Gap Analysis according to VDA ISA
Check the maturity level of your ISMS according to VDA ISA.
The TISAX gap analysis as ISMS kick-off
Unfortunately, the TISAX requirements catalogue does not give you any guidance on which steps you should implement in which order.
Our TISAX gap analysis provides in approx. 4 - 7 man-days what you need:
- We give you a professional assessment of the maturity and effectiveness of your ISMS.
- We assess your ISMS processes, policies and structures.
- We assess what is missing in which area and provide you with a TISAX roadmap with the most important steps to get from A (start) to Z (certification), including time and cost estimates.
The process in detail
Plan and review
Before we start with the TISAX gap analysis, we define the framework conditions in an initial meeting in order to provide you with the best possible added value. Do you already have a desired assessment target (AL2, AL3, with / without data protection, with / without prototype protection)? Do you know the different assessment levels and TISAX labels? What are your expectations?
Afterwards, we draw up an audit plan for the TISAX gap analysis so that you can plan the dates for the audit sessions, which are the interviews with the respective departments.
Before conducting these interviews, we review your existing security documents. These give us an initial indication of possible deficits.
Conducting the TISAX gap analysis
Usually, we conduct the audit part of the TISAX gap analysis at your premises, even if a TISAX assessment with the audit objective AL2 does not require an on-site audit.

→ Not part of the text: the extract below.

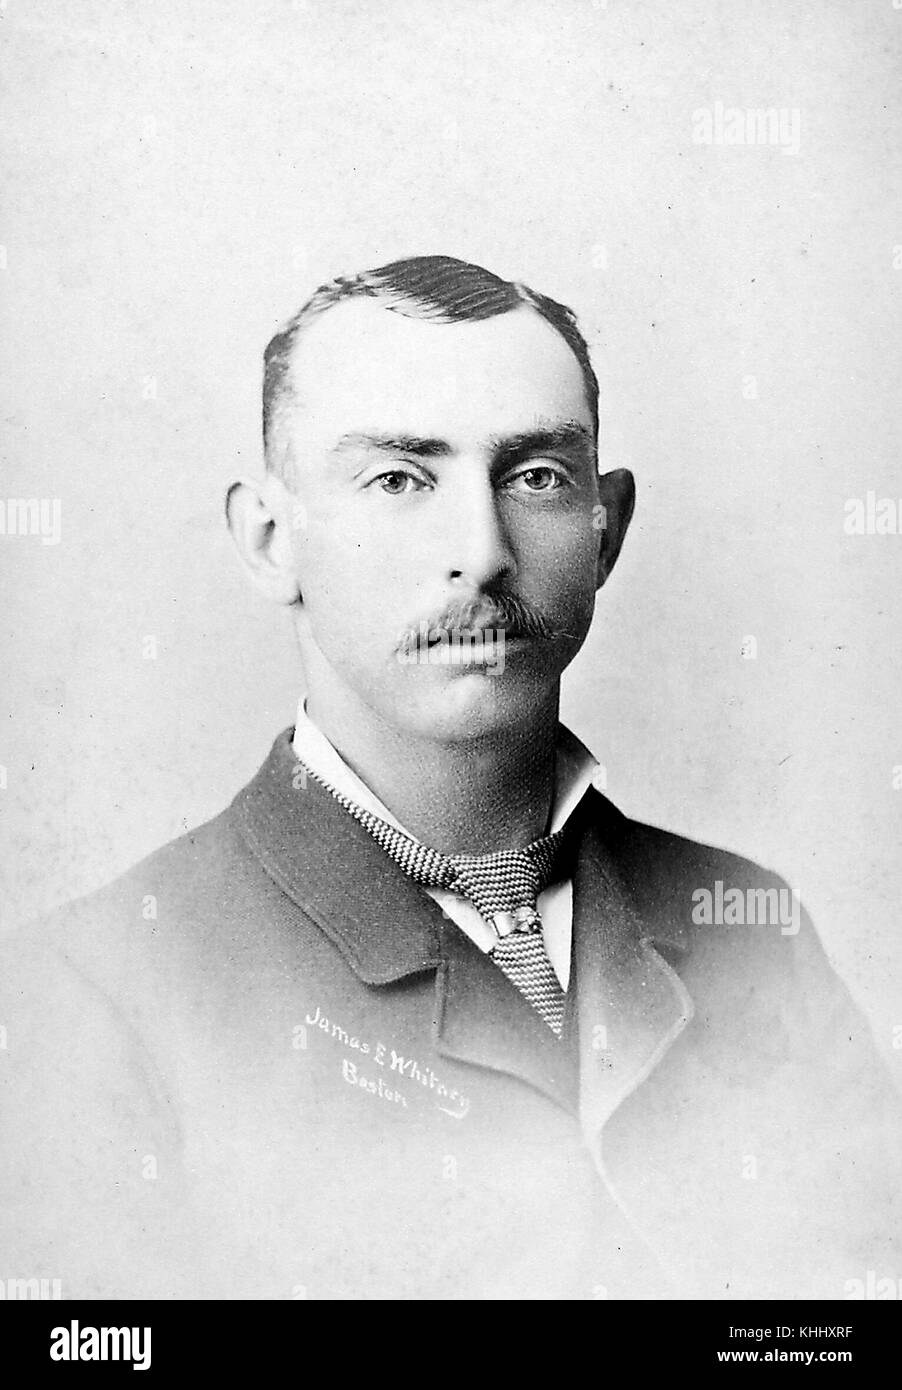 Half length portrait of Jim Whitney, right-handed pitcher over parts of ten seasons (18811890) with the Boston Red Caps/Beaneaters, Kansas City Cowboys, Washington Nationals, Indianapolis Hoosiers and Philadelphia Athletics, National League strikeout champion in 1883 with the Boston Beaneaters, wearing a suit and tie, photograph by CC Randall, Detroit, Michigan, 1900. From the New York Public Library. Stock Photo

In the audit sessions, we conduct interviews with the respective departments (e.g. IT, purchasing, facility management, human resources, production, compliance, prototype protection, data protection, ...). Depending on the intended audit objective, the depth of the audit will vary:
- For AL2, we only perform a 'plausibility check', i.e. we question your VDA ISA self-assessment (if available) and verify it with appropriate verifications. The TISAX gap analysis according to AL2 also includes a check of the 'additional requirements for high protection needs'.
- In AL3, a much stricter and more profound check of the implementation is carried out. In the TISAX gap analysis according to AL3, the 'additional requirements for very high protection needs' are also verified.
Evaluation of the results
After we have conducted the audit sessions and examined your organisation, we will provide you with a detailed overview of your current implementation status or maturity level with regard to VDA / TISAX. You will receive a report with identified fields of action and thus already know quite precisely where 'the problem lies' and what work is waiting for you.
You will receive additional 'start help' for the implementation of your ISMS in the form of a TISAX roadmap. In it, we tell you which steps you should take in which order and how much time and resources you should plan for them.
Any project to implement a VDA ISA compliant ISMS needs the support of the top management of your organisation. Therefore, if desired, we are happy to conduct a management presentation at the end of the TISAX gap analysis. In addition to the top findings, we also particularly address your TISAX roadmap and sensitise your management to the following topics:
- How should the implementation of an ISMS according to VDA ISA / TISAX usually be set up and which setup has proven itself in practice.
- What framework conditions must be created in the company for this.
- What roles and tasks does top management have within an ISMS so that it can also be effective and successful.